What happened in March 1988 is one of those juicy pieces of drama that radio geeks just love. KGMO fell victim to a classic tortoise and hare scenario. KGMO sat back and let its superior wattage and signal coverage carry the station while they had some really middling jocks and terrible music flow ... and Q-99 was tight, well-programmed and sounded nearly too good for the market. Q-99 had some great TM jingles. And KGMO, gawd love 'em, was still airing some badly-dated cuts from the '70s.

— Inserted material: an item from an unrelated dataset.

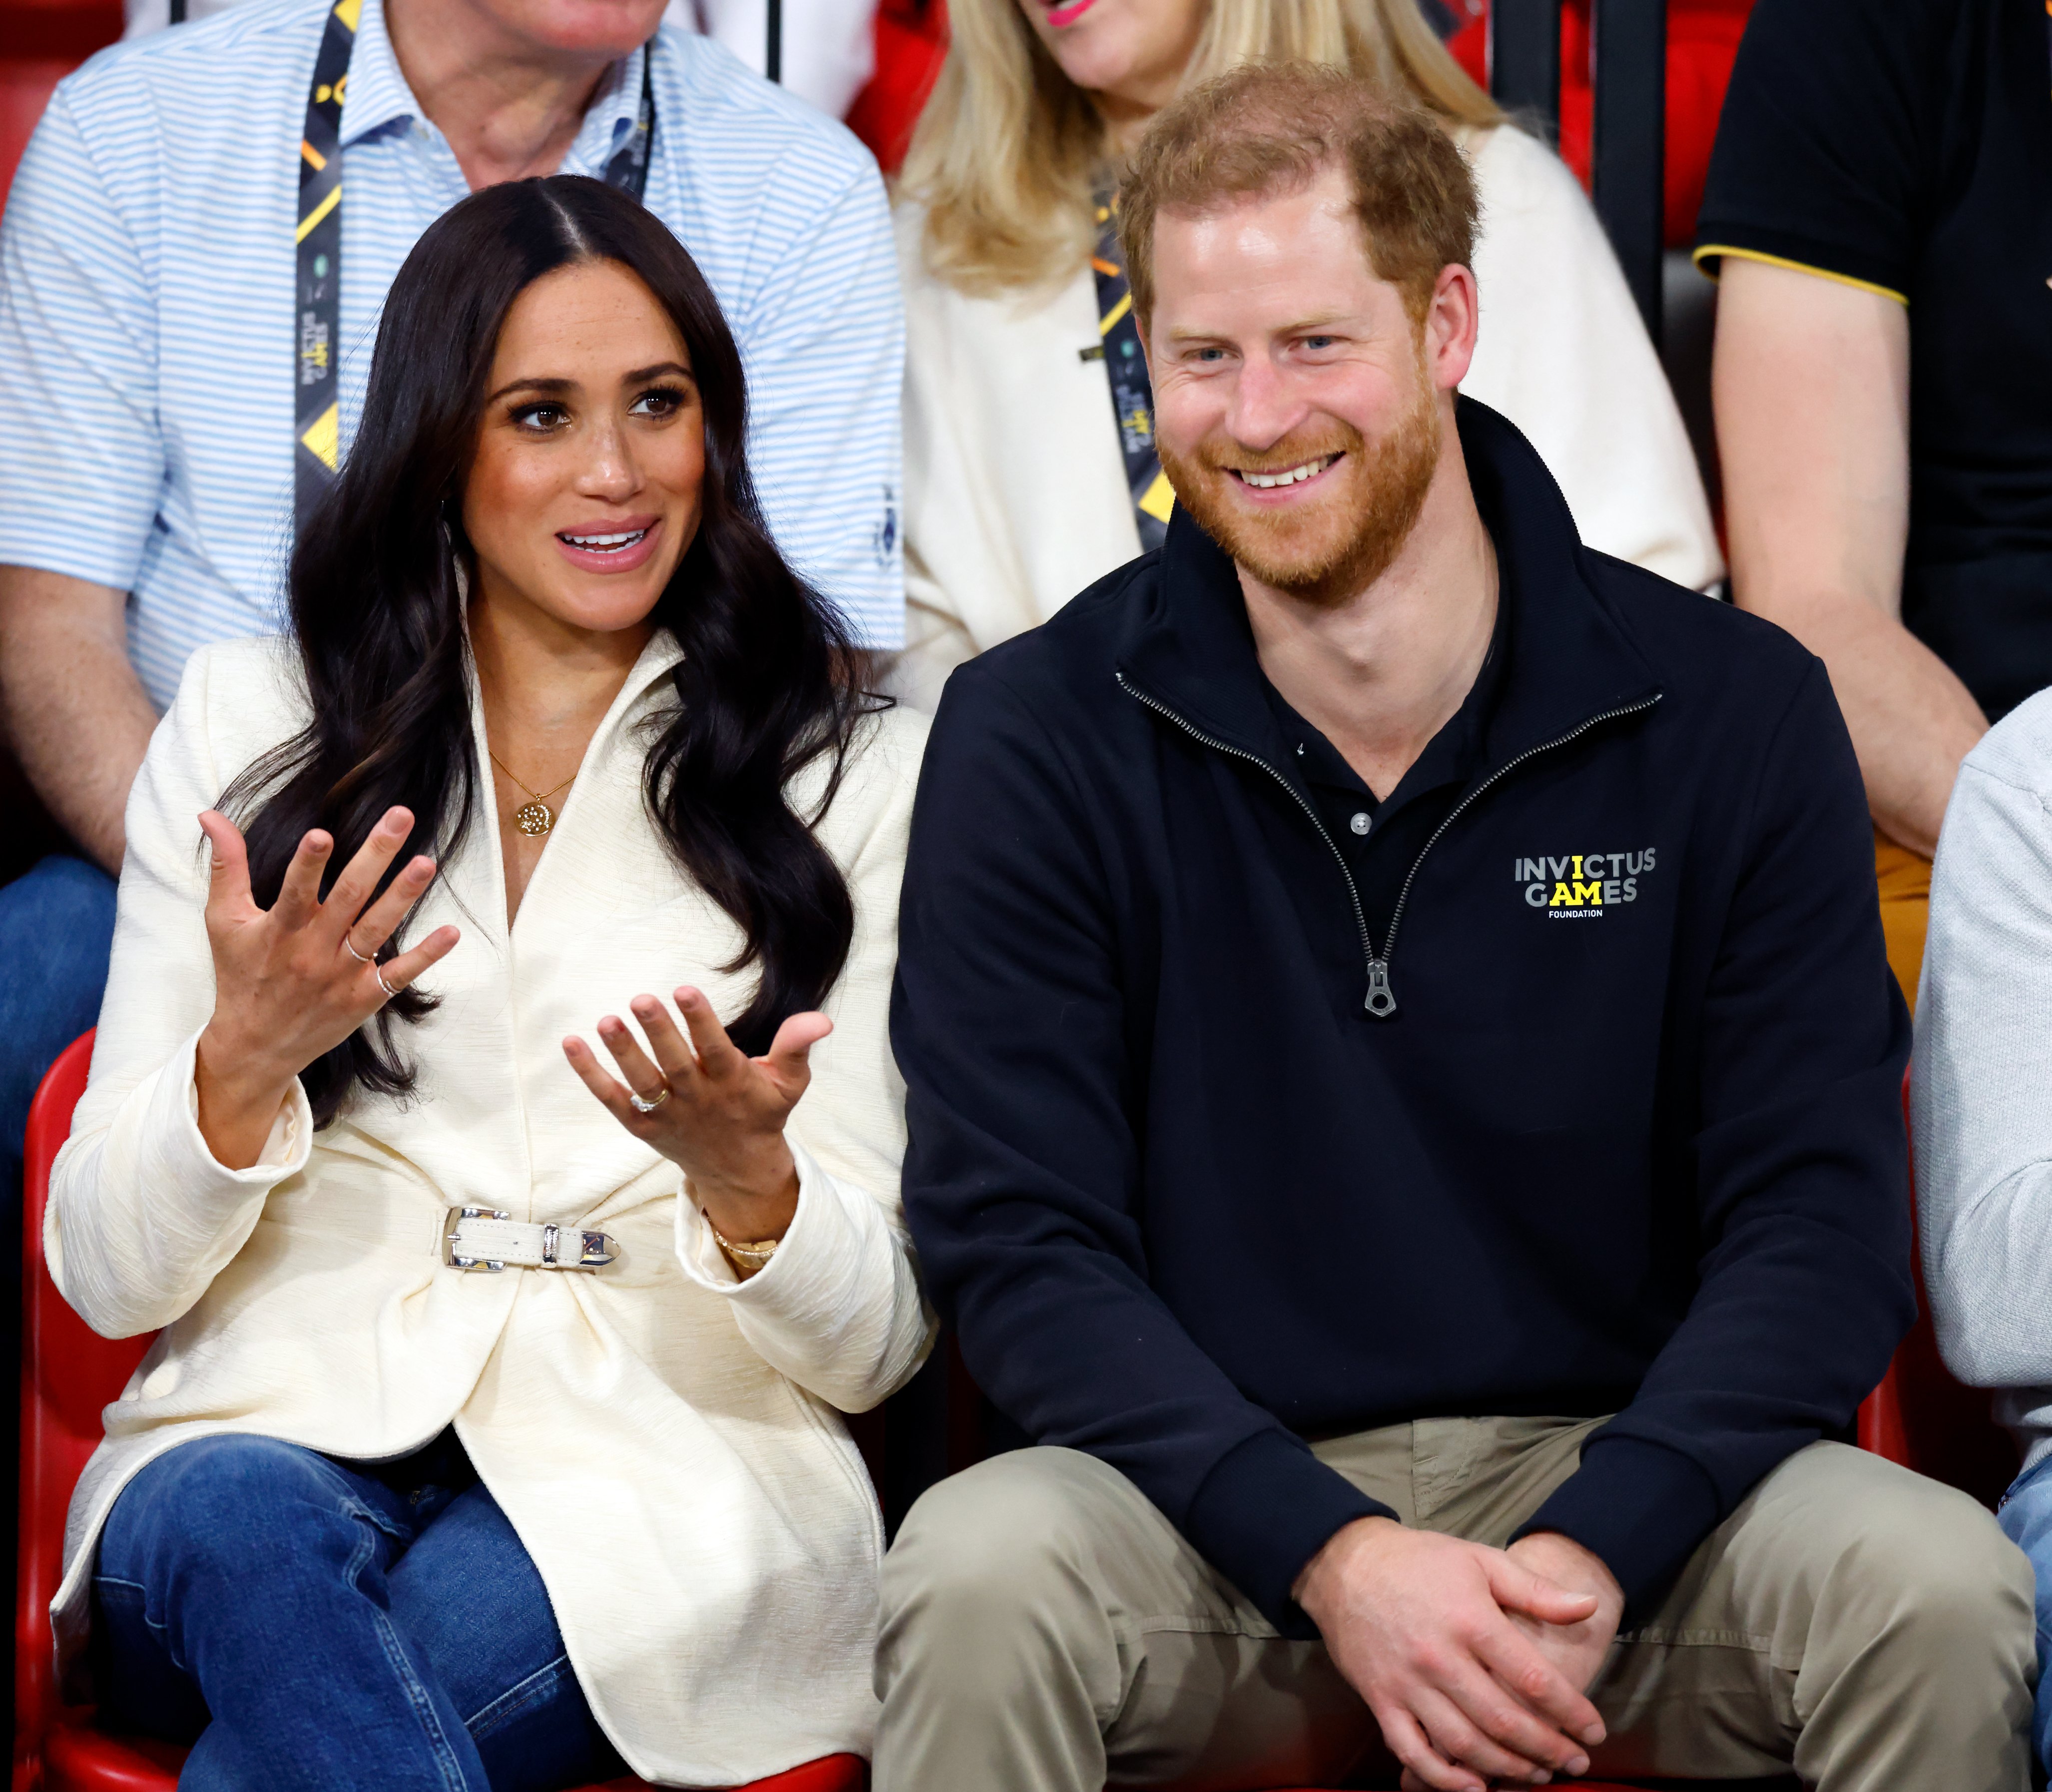 Meghan and Prince Harry watched the sitting volleyball competition on day 2 of the Invictus Games 2020 at Zuiderpark on April 17, 2022, in The Hague, Netherlands. | Source: Getty Images

KGMO underestimated its Gordonville neighbor one time too many. 100.7 blinked, knee-jerking to a bland "Light adult contemporary" format. A 3,000-watt station successfully ran a 100,000-watt competitor out of its format, a format they first brought to Cape!!

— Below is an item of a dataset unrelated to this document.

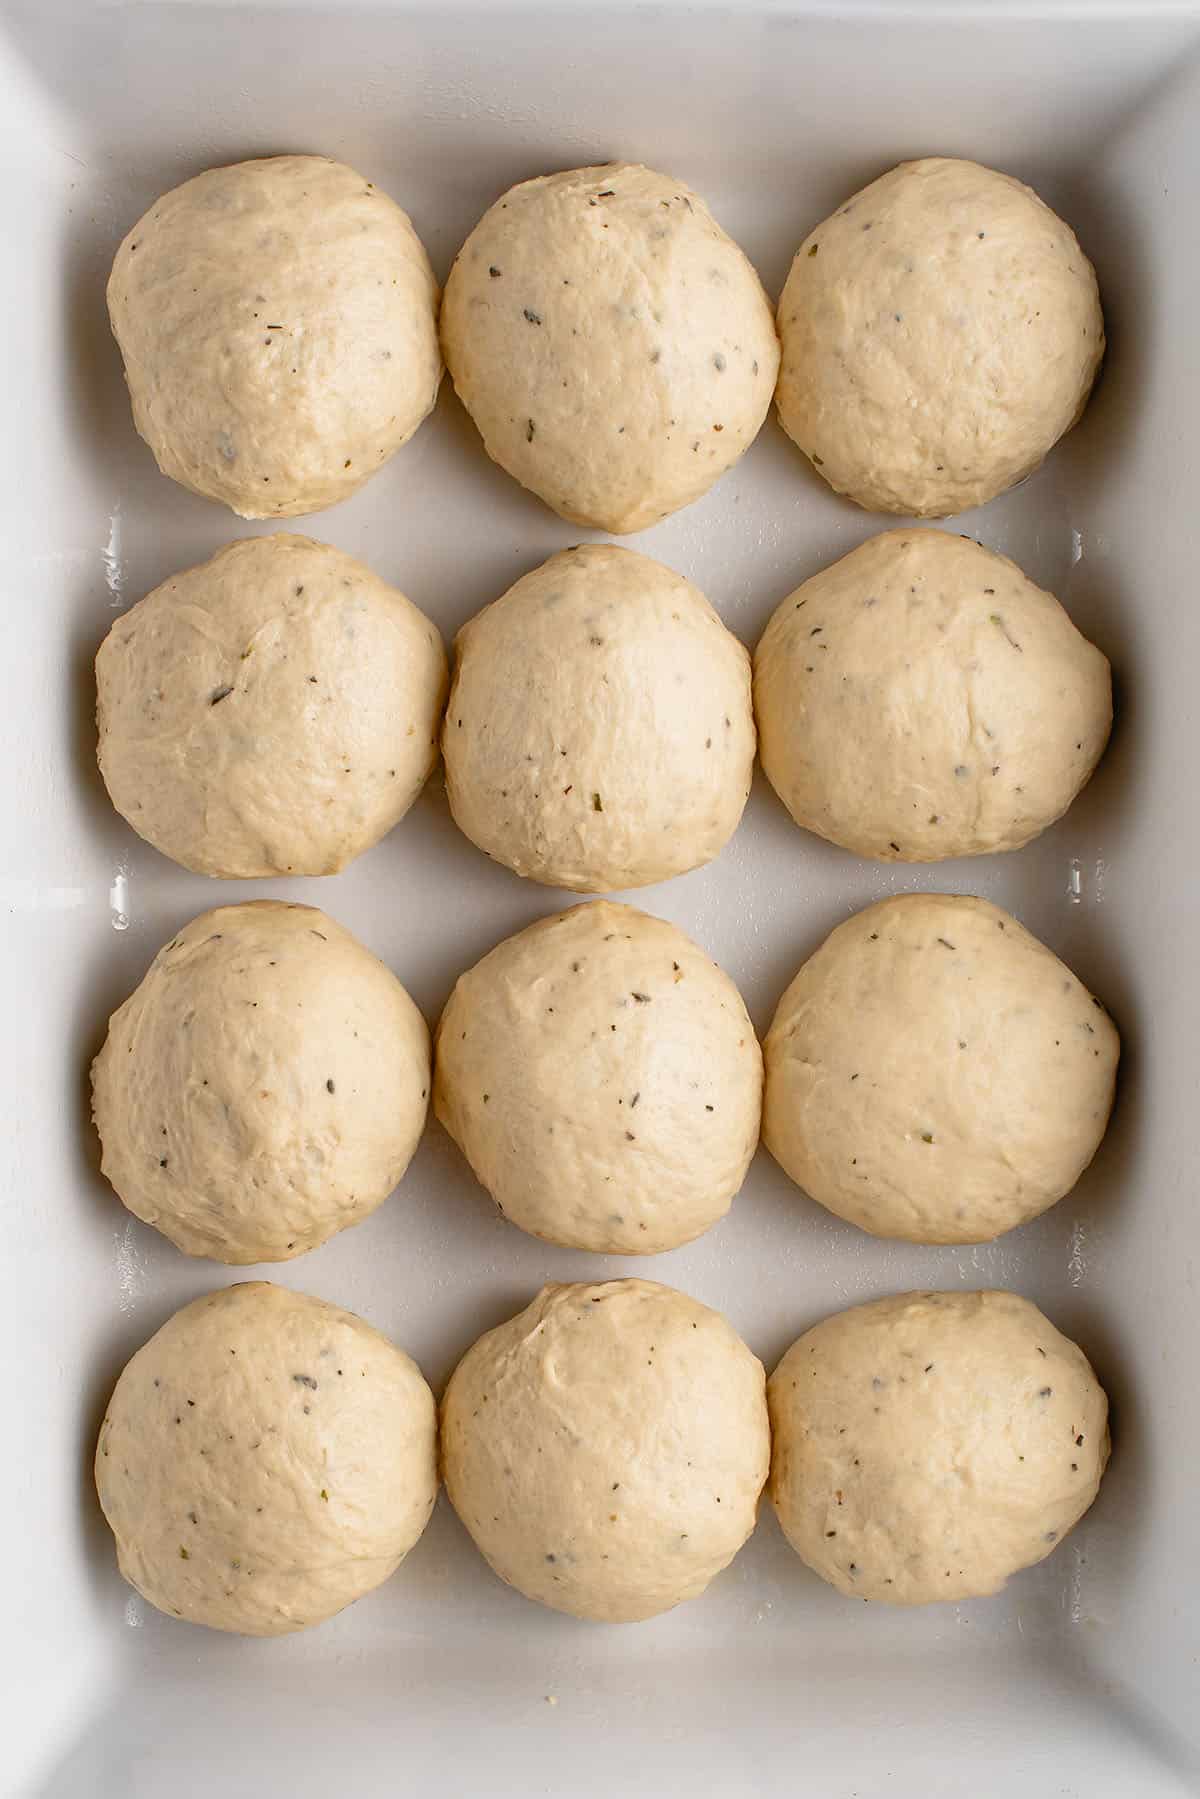 uncooked potato rolls in baking dish before rising

As time marched onward, KGMO evolved into an oldies station and by the late '90s, to its present-day classic rock format.

I've listened to KGMO a couple of times this decade, during trips to Cape (both in 2006). They strike me as a generic classic rock station, nothing special and - sadly - with no hint of its heritage in Cape Girardeau rock & roll lore, dysfunctional as it might've been. The playlist is a little wider than your average CR station, I will give 'em that.

Well. I didn't intend to get that bogged down in Cape radio history. This ought to provide some nice eye-candy for anyone plugging KGMO or Q-99 into Google, eh?

Ciao for niao.

--Talmadge "Sitemeter is My Friend" Gleck

I LOST 6.4 THIS WEEK!!

Strike up the band and pop the corks.

That's right, friends, at tonight's weigh-in, I have removed the sum of 6.4!

Ounces.

Which sounds a lot better than reality: -0.4

I didn't feel that optimistic about this one, and according to our bathroom scale, I would've had
either a miniscule drop, or else a small gain. I thought about changing into shorts for tonight's meeting, but thought the better of it.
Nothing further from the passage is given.